As suas primeiras notícias traziam “massacres vermelhos” a ponto da imprensa católica estrangeira acorrer em apoio ao levante nacionalista no seu começo. A acusação mais sensacional foi o estupro de freiras, sendo que uma invenção semelhante datava da Idade Média, quando foi usada para justificar uma chacina de judeus. Os nacionalistas pisavam em terreno mais firme ao condenarem o assassinato de padres e tiveram o apoio do Papa, que declarou que os padres eram mártires. A maré só começou a virar a favor da República em novembro de 1936, com o bombardeio dos bairros operários e do Hospital San Carlos durante a batalha de Madri. Cinco meses depois, a destruição de Guernica deu à República sua maior vitória na guerra propagandística, principalmente porque os bascos eram conservadores e católicos.

Afinal, Guernica foi bombardeada?

A pergunta parece uma loucura, mas é que tem muita gente que não acredita na destruição de Guernica.

É claro que ela foi bombardeada. E foi sim bombardeada pela Legião Condor alemã. Quem diz que não houve o bombardeio talvez não tenha tido acesso ao diário de guerra de um dos comandantes da Legião Condor, Wolfram Von Richtofen, que contradiz por completo a versão nacionalista de que o ataque teria sido feito pelos republicanos:

“K/88 [forças de bombardeio da Legião Condor] foi apontada para Guernica, com a intenção de desorganizar e fazer cessar a retirada dos vermelhos, que precisam passar por aqui.”

A que horas deu-se o início do bombardeio de Guernica?

Às 4 e meia da tarde, uma segunda-feira, 26 de abril. Um único bombardeiro Heinkel 111 da “esquadrilha experimental” da Legião Condor chegou sobre a cidade, despejou sua carga no centro e logo desapareceu.

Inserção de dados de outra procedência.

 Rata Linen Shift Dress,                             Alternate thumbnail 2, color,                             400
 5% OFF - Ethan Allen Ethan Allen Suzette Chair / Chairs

E o que aconteceu em seguida?

A maior parte da população saiu dos abrigos e foi ajudar os feridos. Mas não contavam com a volta da esquadrilha, 15 minutos depois, lançando bombas de vários tamanhos. Os que correram de volta aos abrigos foram sufocados pela fumaça e pela poeira e ficaram alarmados porque já estava evidente que os abrigos não resistiriam às bombas mais pesadas. As pessoas correram para os campos ao redor da cidade e as esquadrilhas de caças Heinkel 51 chegaram metralhando e lançando granadas sobre os homens sobre as mulheres e as crianças. A parte principal do ataque sequer começara. Às 17:15, ouviu-se o som dos motores áereos. Os soldados identificaram-nos imediatamente: eram os Junkers 52. Três esquadrilhas, vindas de Burgos, cobriram a cidade de bombas sistemáticas em ataques revezados de vinte minutos durante duas horas e meia.

De que eram constituídas as cargas dos aviões?

De bombas pequenas e médias, além de outras de 250 quilos, bombas antipessoais de 20 libras (nove quilos) e bombas incendiárias. As incendiárias eram jogadas dos Junkers em tubos de alumínio de um quilo, como se fossem confete metálico.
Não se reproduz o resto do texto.